BEGIN Material provided

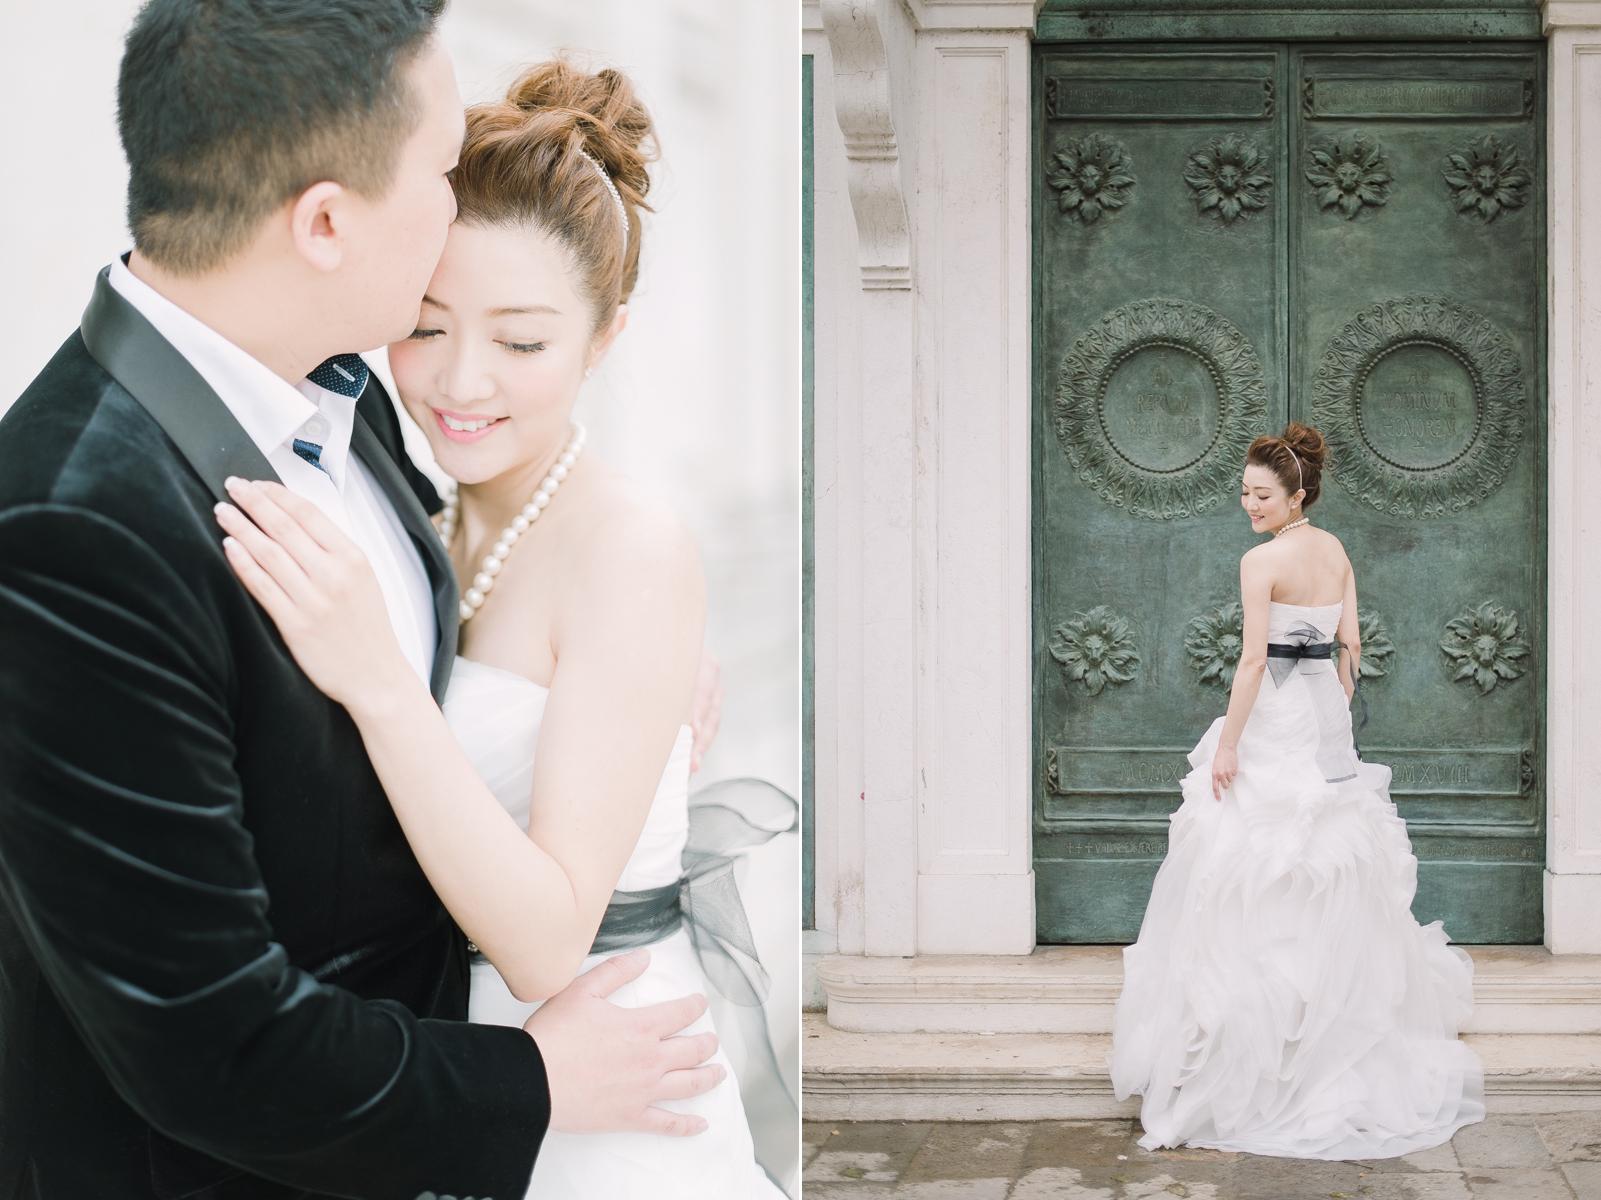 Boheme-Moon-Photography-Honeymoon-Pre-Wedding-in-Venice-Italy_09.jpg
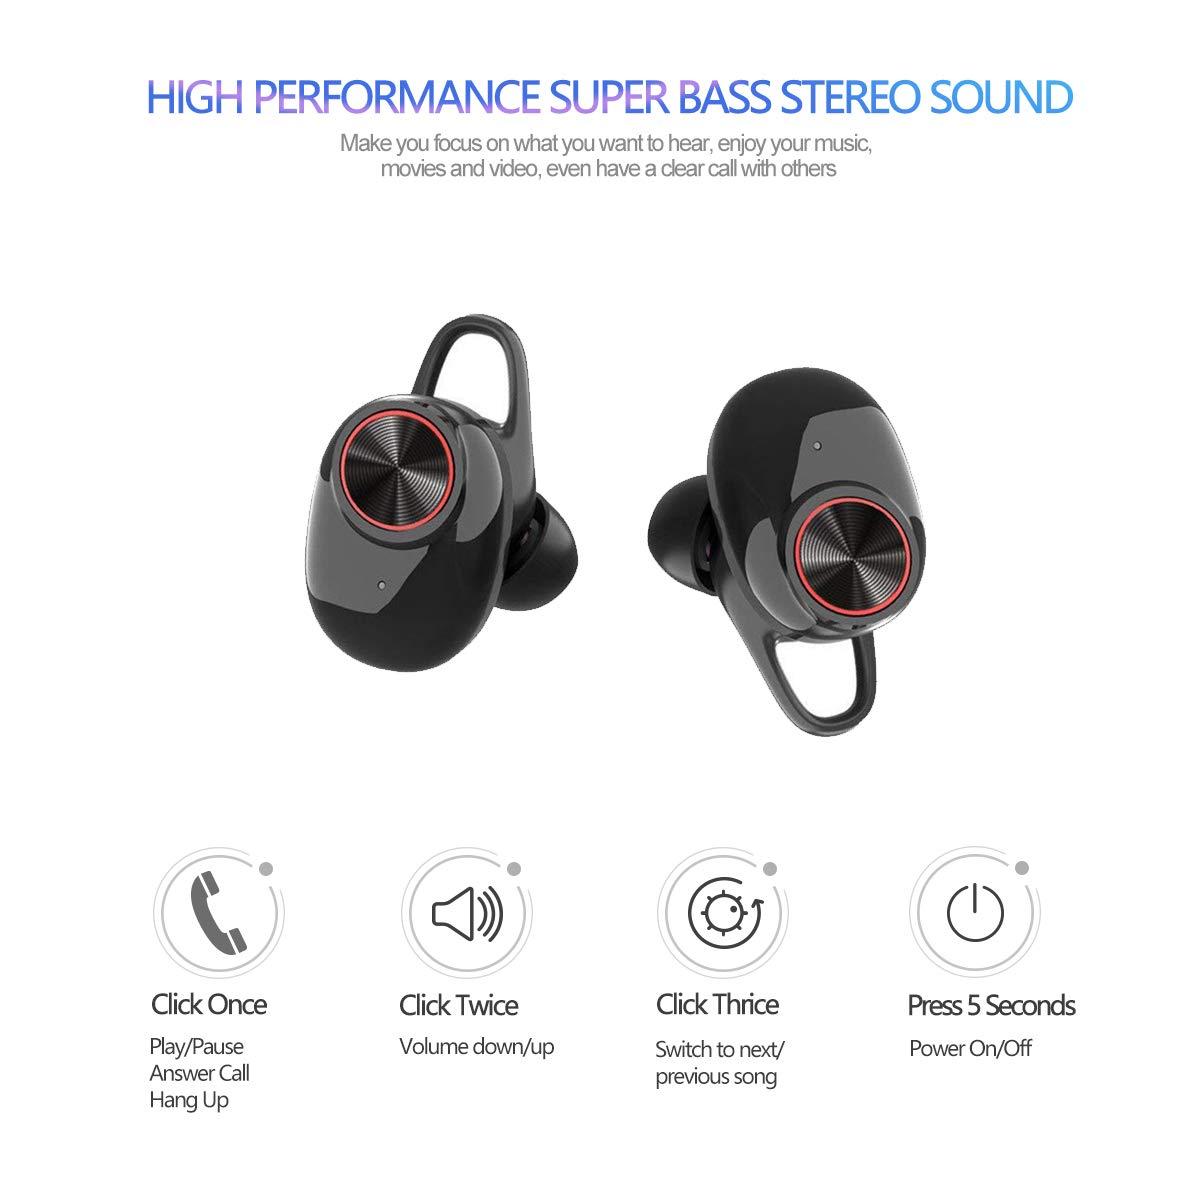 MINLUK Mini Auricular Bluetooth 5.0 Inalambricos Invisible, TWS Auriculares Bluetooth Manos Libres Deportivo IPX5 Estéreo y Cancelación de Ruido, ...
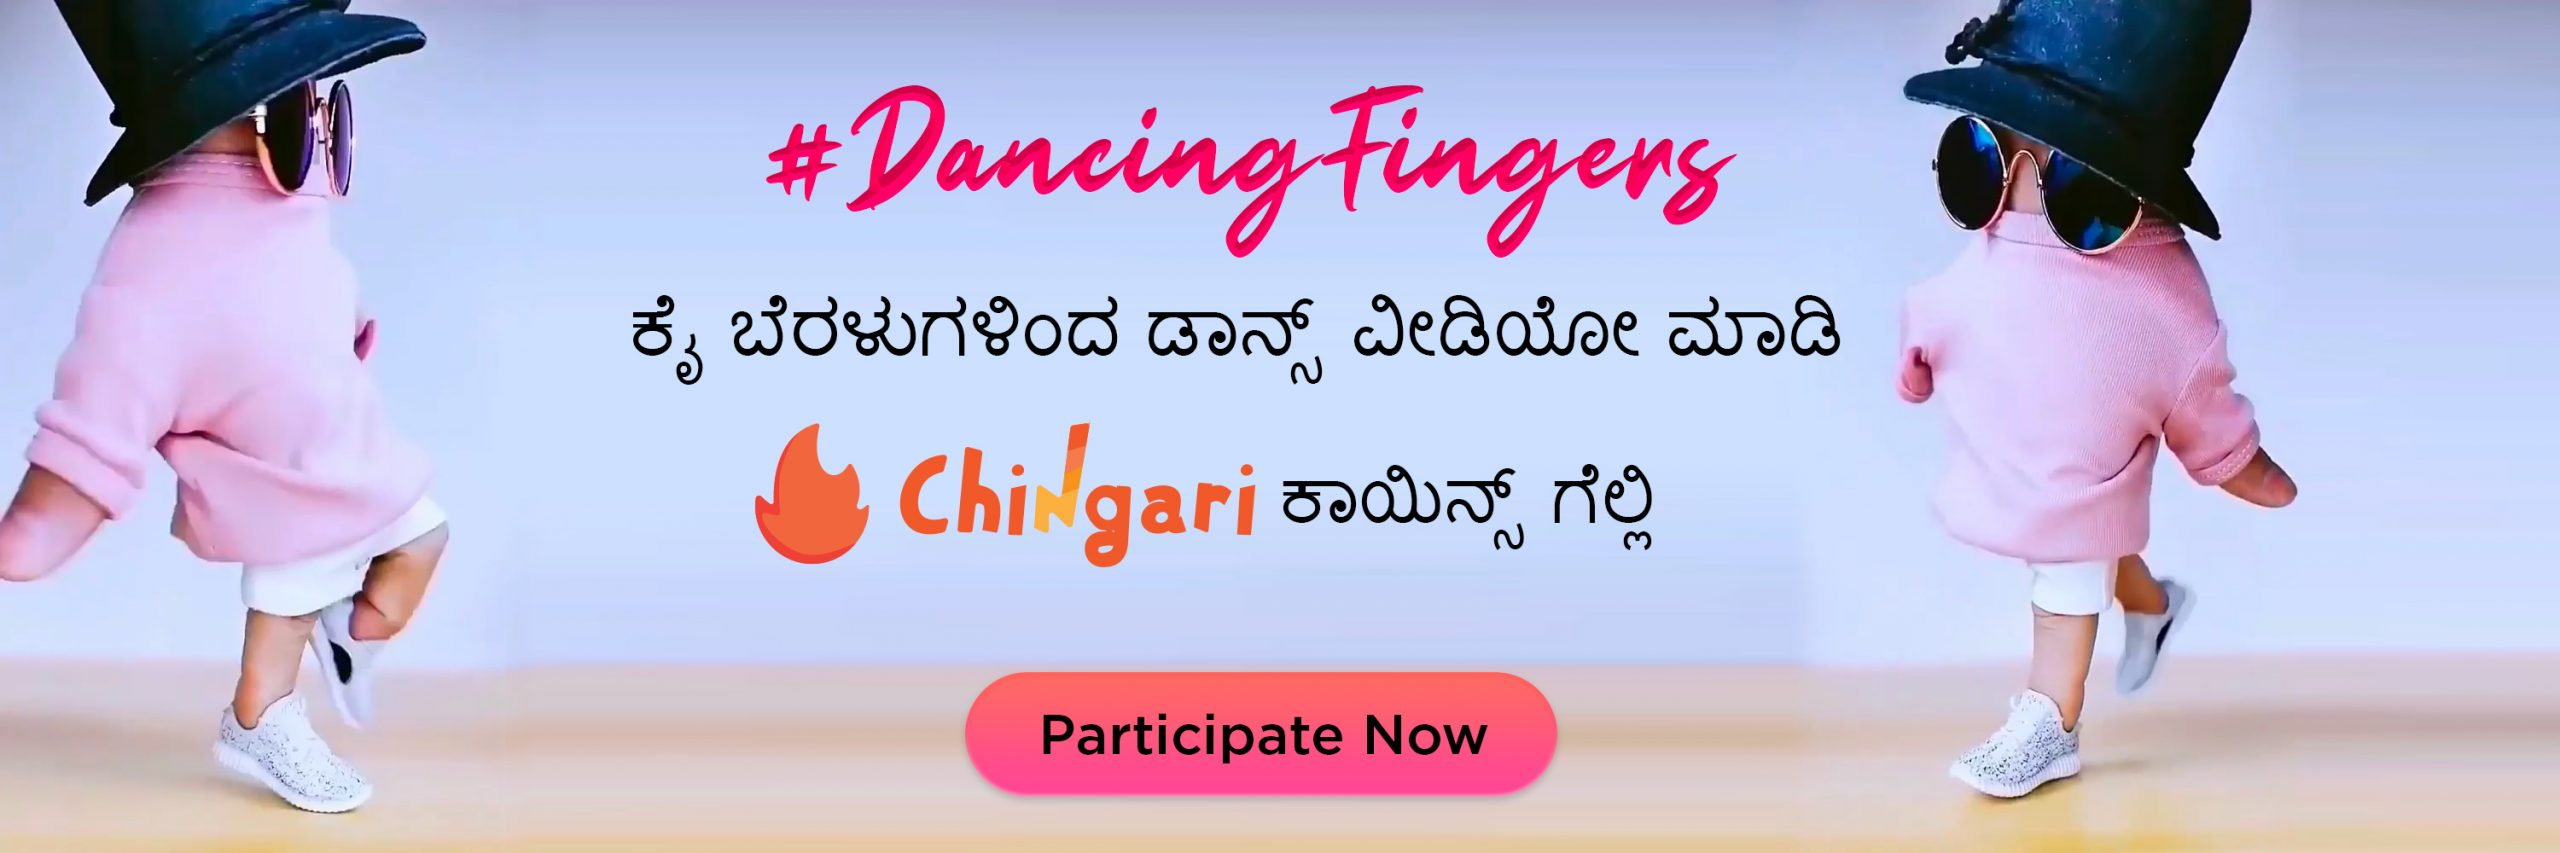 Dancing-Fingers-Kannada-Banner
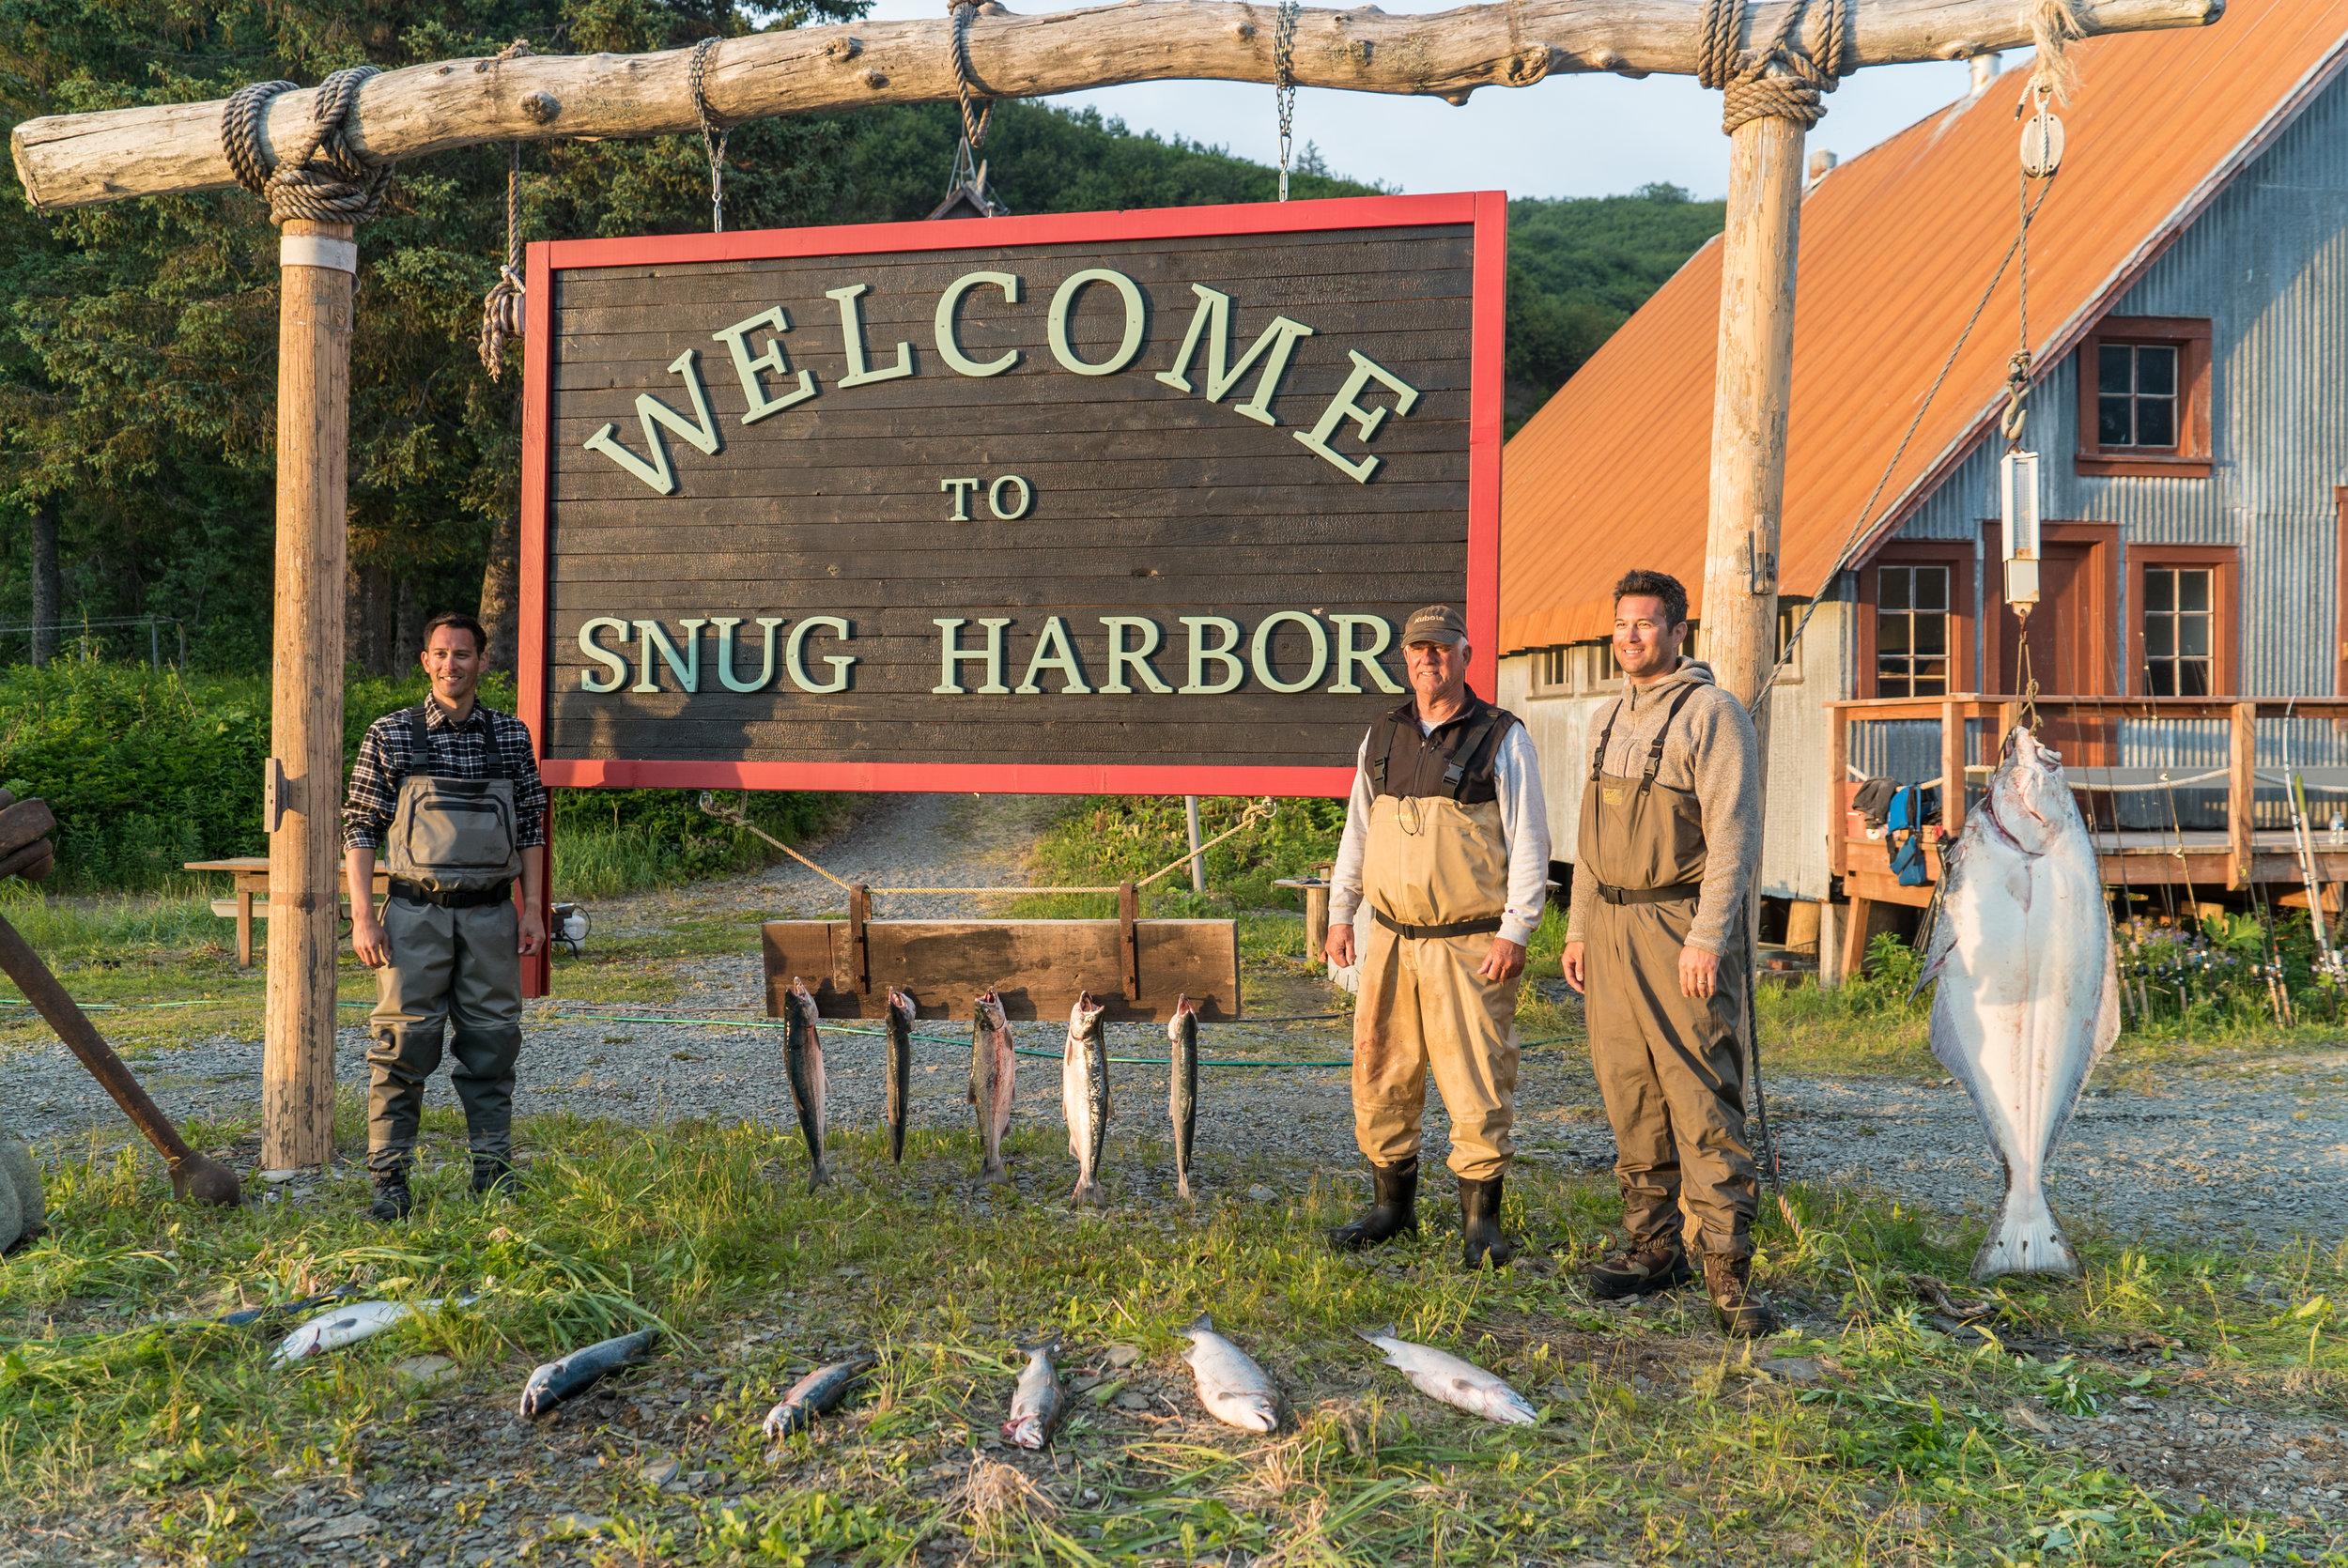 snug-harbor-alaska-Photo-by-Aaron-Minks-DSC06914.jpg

END Material provided

**Problem description:** Write out the data above exactly, minus any images.

**Your response:**
 Boheme-Moon-Photography-Honeymoon-Pre-Wedding-in-Venice-Italy_09.jpg
 MINLUK Mini Auricular Bluetooth 5.0 Inalambricos Invisible, TWS Auriculares Bluetooth Manos Libres Deportivo IPX5 Estéreo y Cancelación de Ruido, ...
 Dancing-Fingers-Kannada-Banner
 snug-harbor-alaska-Photo-by-Aaron-Minks-DSC06914.jpg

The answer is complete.